- Exercise requirements:
With the pictures omitted, transcribe each line below exactly as it is.

- Source material:
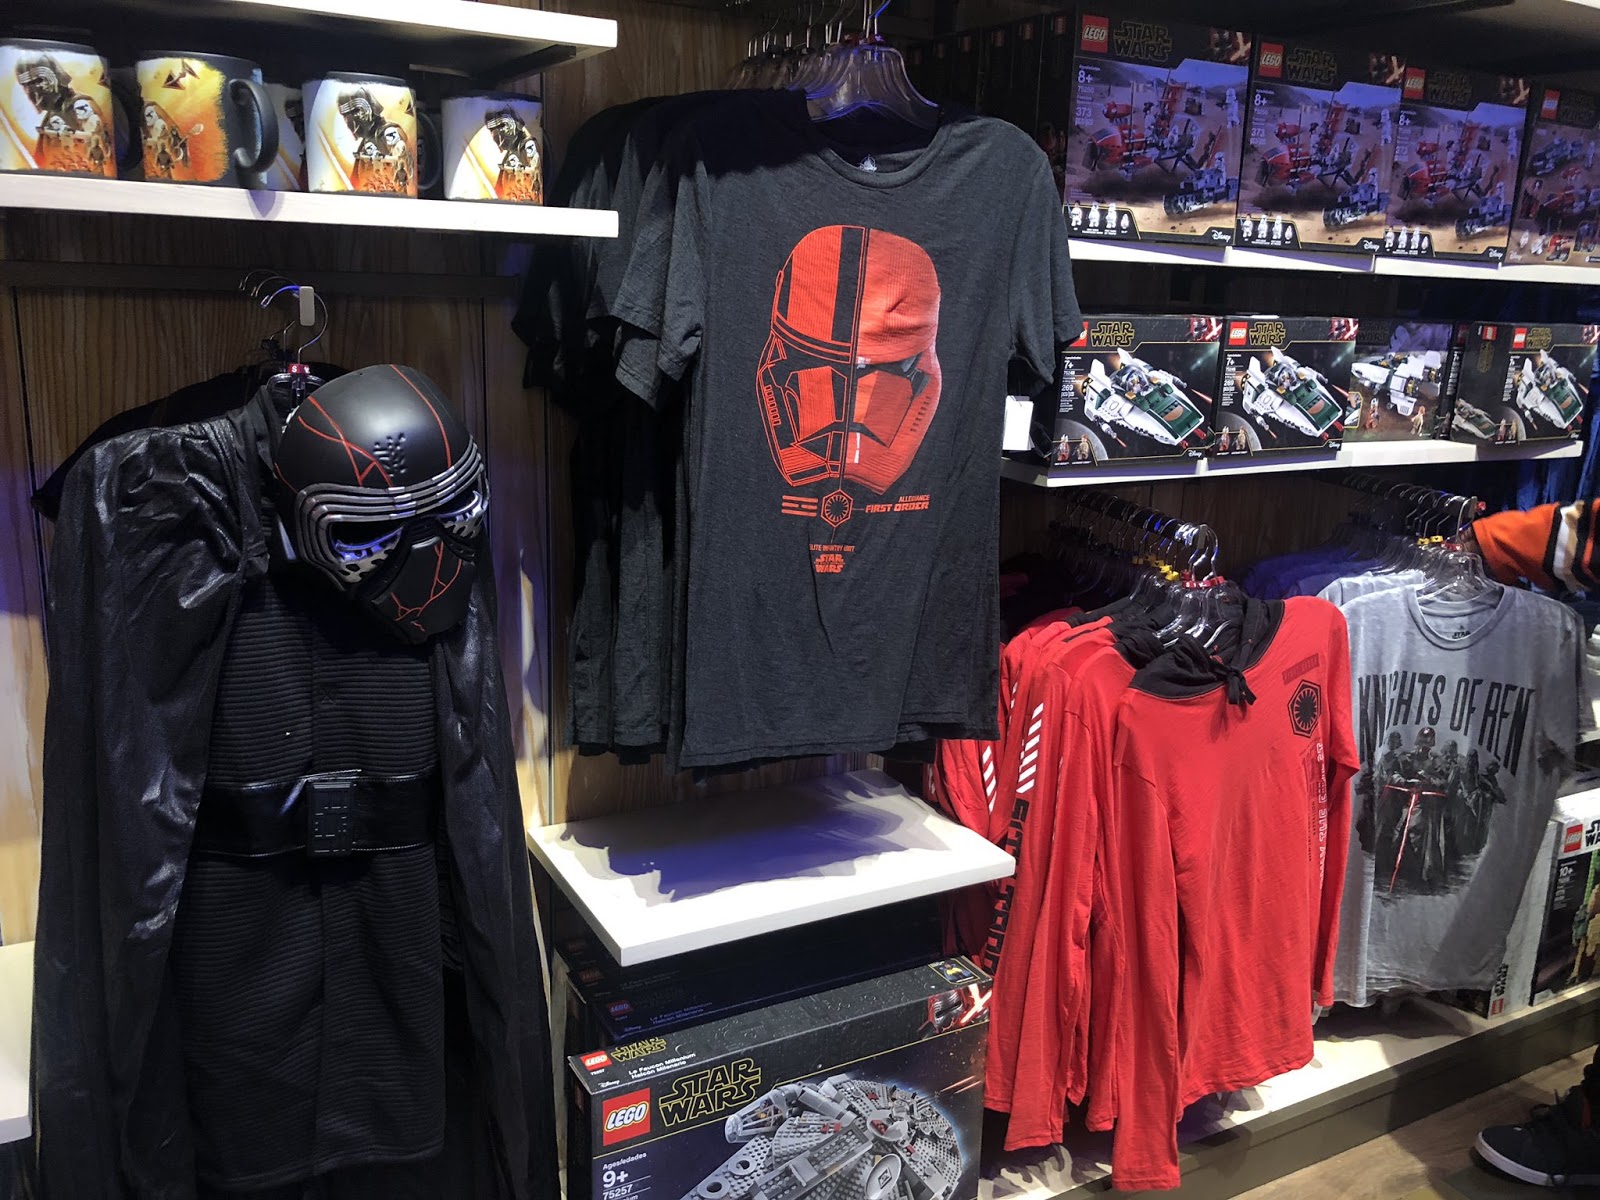 force friday 2019 merchandise
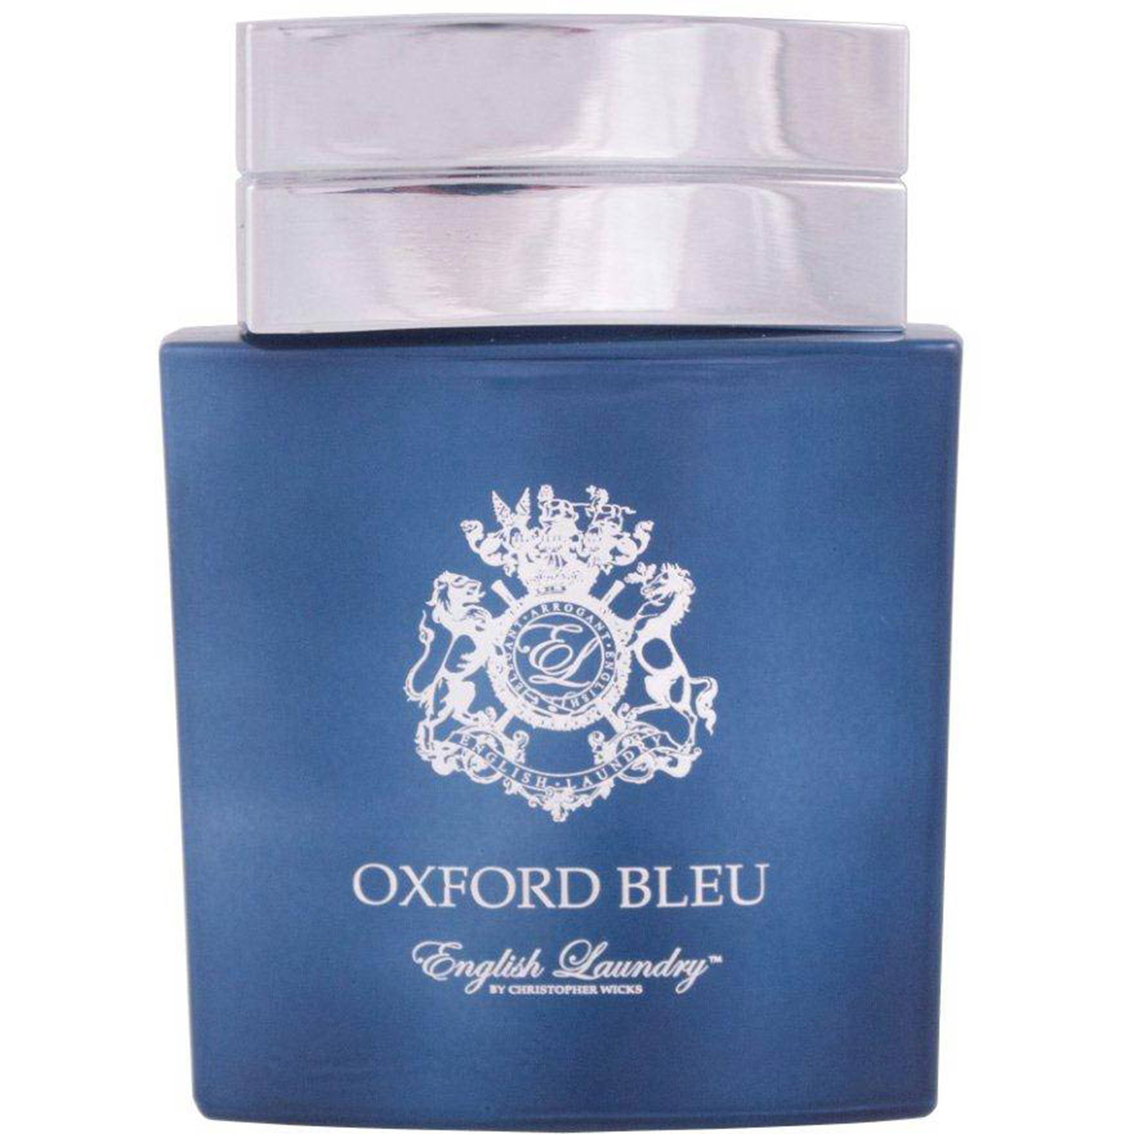 ENGLISH LAUNDRY OXFORD BLEU by English Laundry EAU DE PARFUM SPRAY 3.4 OZ  for WOMEN And a Mystery Name brand sample vile
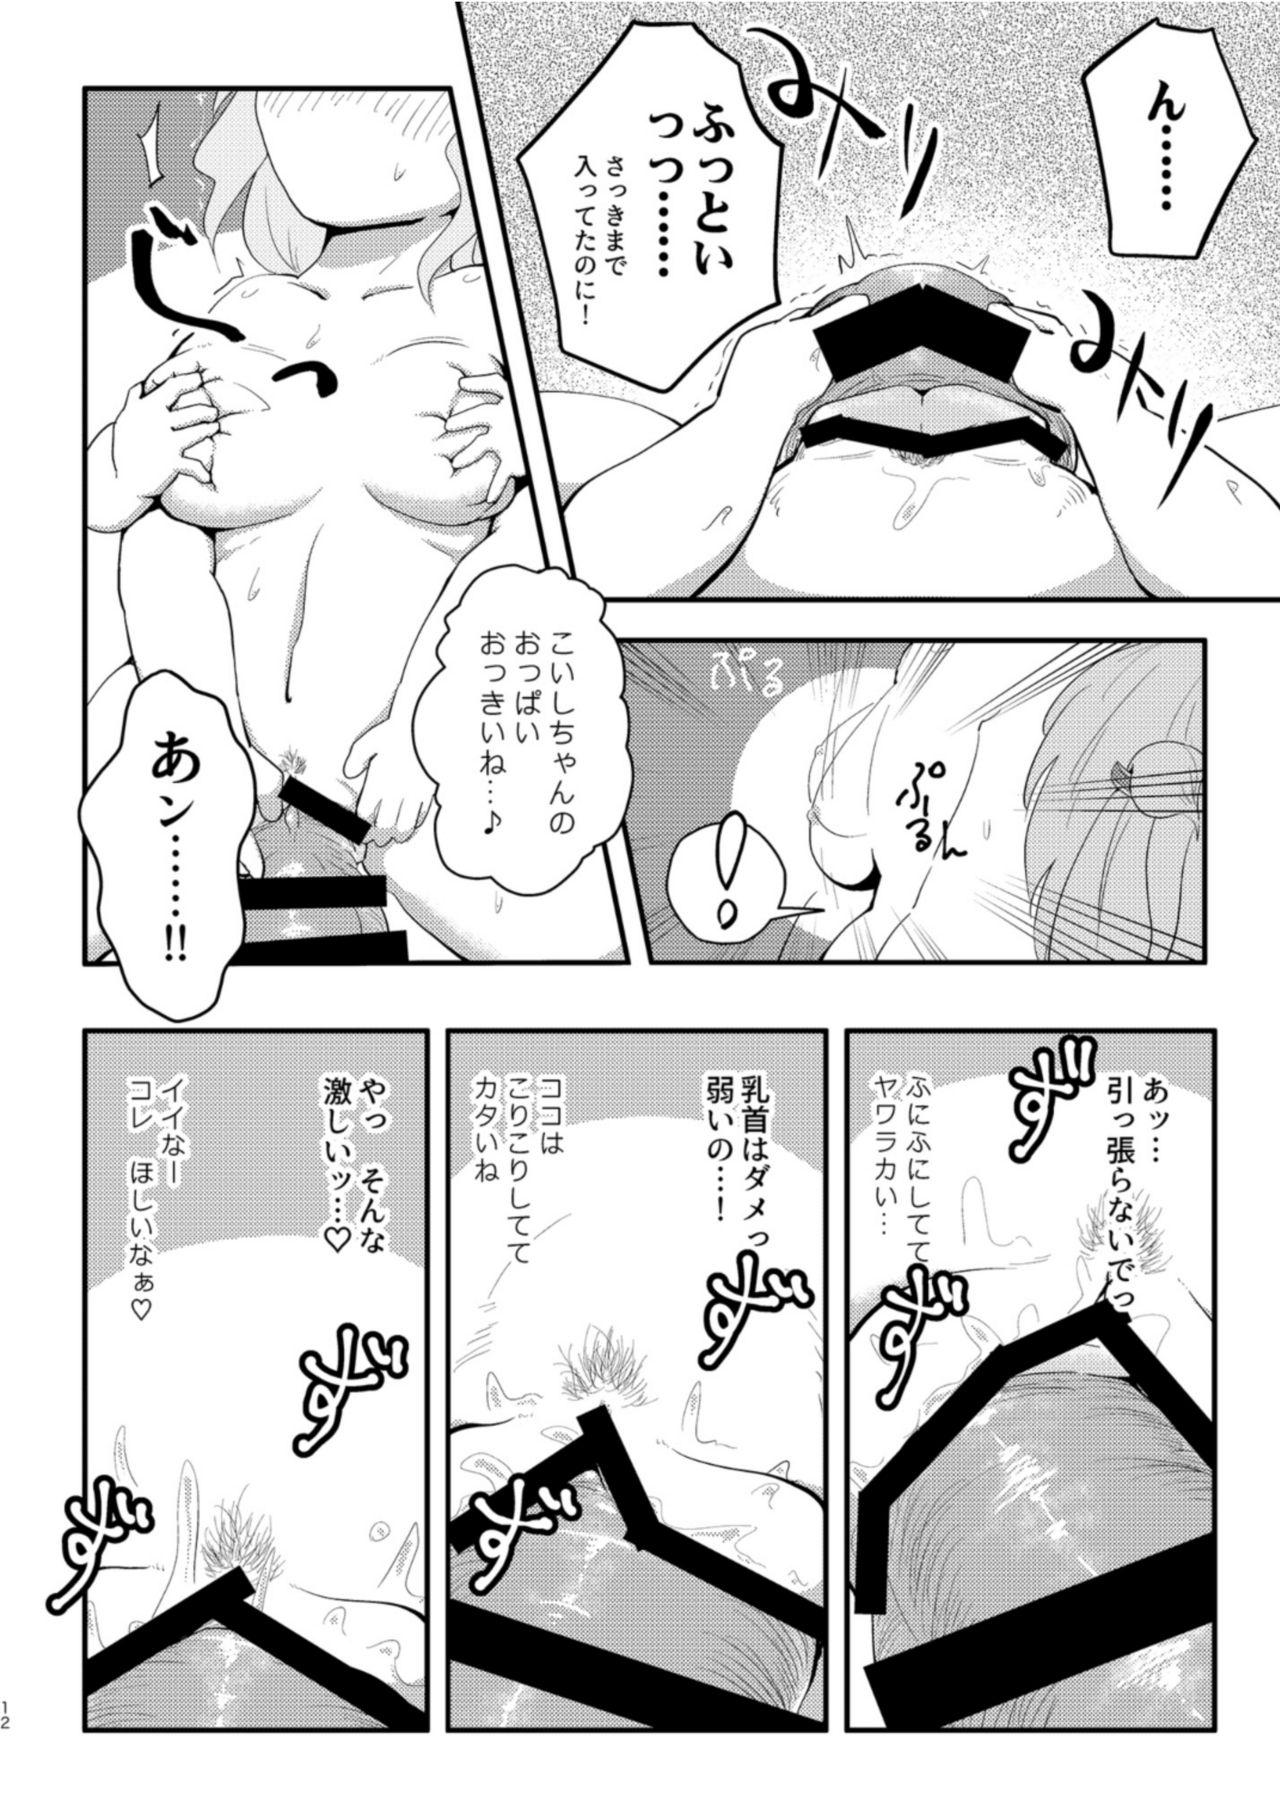 Anal Gape Scarlet Conflict 3 - Touhou project Prima - Page 12

- Result:
 force friday 2019 merchandise
 ENGLISH LAUNDRY OXFORD BLEU by English Laundry EAU DE PARFUM SPRAY 3.4 OZ  for WOMEN And a Mystery Name brand sample vile
 Anal Gape Scarlet Conflict 3 - Touhou project Prima - Page 12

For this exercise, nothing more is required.